Candidate tried to bring video poker near downtown

06/07/2008 12:28 AM

06/07/2008 12:36 AM

Nine years ago, Alex Haefele tried to bring a video poker parlor to the edge of downtown Rock Hill.

Haefele, a homebuilder and developer running for the York County Council, dropped the idea after an outcry from horrified neighbors. Now, his opponent in the Republican primary thinks voters ought to know about the 1999 episode.

"I'm not going to question his motives or what he did," incumbent Buddy Motz told Republicans at a recent candidates forum. "I'm going to leave that up to you."

Motz and Haefele are locked in a primary battle for District 6, where neighbors are fighting plans to expand the Rock Hill/York County Airport. In some ways, the current not-in-my-backyard dispute resembles the clash over the video poker hall -- except that Haefele finds himself on the other side.

Repeated attempts by The Herald to reach Haefele on Thursday and Friday were unsuccessful.

State lawmakers voted to ban video gambling in 2000. One year before that, Haefele inked a deal with CMB to operate a 30-machine video poker parlor at property he owned on the corner of Dave Lyle Boulevard and Willowbrook Avenue.

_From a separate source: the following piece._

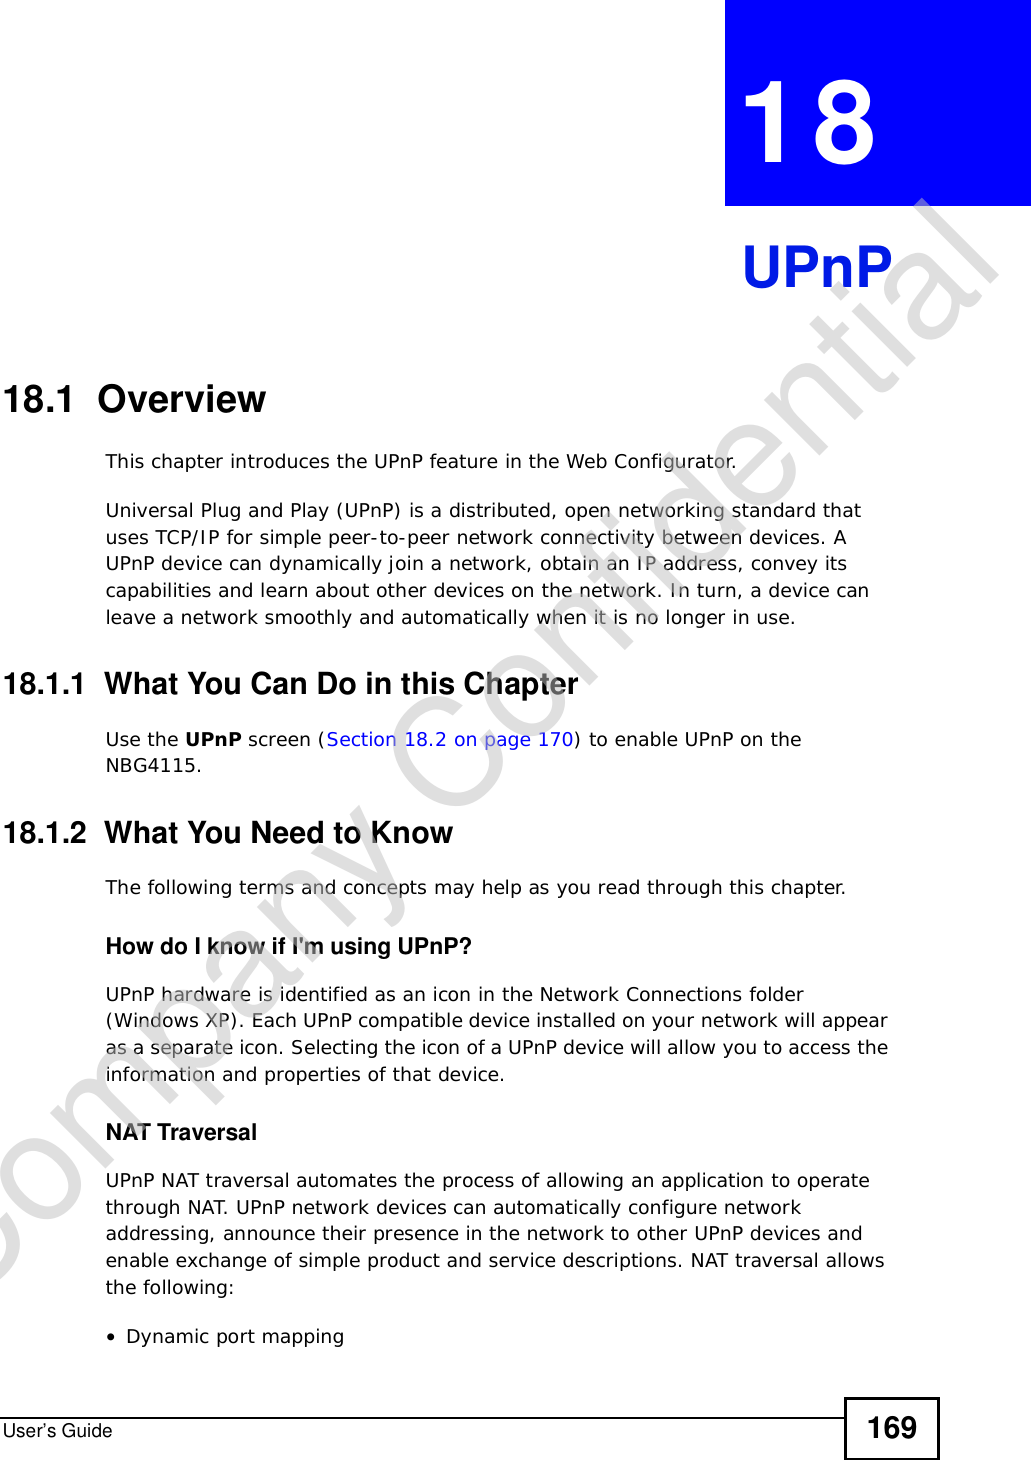 User’s Guide 169CHAPTER 18UPnP18.1  Overview This chapter introduces the UPnP feature in the Web Configurator.Universal Plug and Play (UPnP) is a distributed, open networking standard that uses TCP/IP for simple peer-to-peer network connectivity between devices. A UPnP device can dynamically join a network, obtain an IP address, convey its capabilities and learn about other devices on the network. In turn, a device can leave a network smoothly and automatically when it is no longer in use.18.1.1  What You Can Do in this ChapterUse the UPnP screen (Section 18.2 on page 170) to enable UPnP on the NBG4115.18.1.2  What You Need to KnowThe following terms and concepts may help as you read through this chapter.How do I know if I&apos;m using UPnP? UPnP hardware is identified as an icon in the Network Connections folder (Windows XP). Each UPnP compatible device installed on your network will appear as a separate icon. Selecting the icon of a UPnP device will allow you to access the information and properties of that device. NAT TraversalUPnP NAT traversal automates the process of allowing an application to operate through NAT. UPnP network devices can automatically configure network addressing, announce their presence in the network to other UPnP devices and enable exchange of simple product and service descriptions. NAT traversal allows the following:•Dynamic port mappingCompany Confidential

"I'm not in the video poker business, and I don't want to be in the video poker business," Haefele said at the time. "It's a real estate investment for me ... that's called free enterprise."

The project stunned nearby homeowners. Because parlors tend to congregate in bunches, some feared the Dave Lyle corridor would turn into another "Fort Vegas" like a stretch of road off Interstate 77 in Fort Mill.

"We all think it's horrendous -- we hate it," said Ray Koterba, then-president of the Confederate Park neighborhood association. "But because of the city's zoning, the man's free to do pretty much what he wants to do."

Before the ban, a handful of poker parlors operated in convenience stores around Rock Hill.

At the time, Haefele said his property's zoning allowed for the parlors. "I have no choice," he said. But when city administrators intervened to block the parlor, Haefele decided to build an office building instead.

His development company is headquartered there today.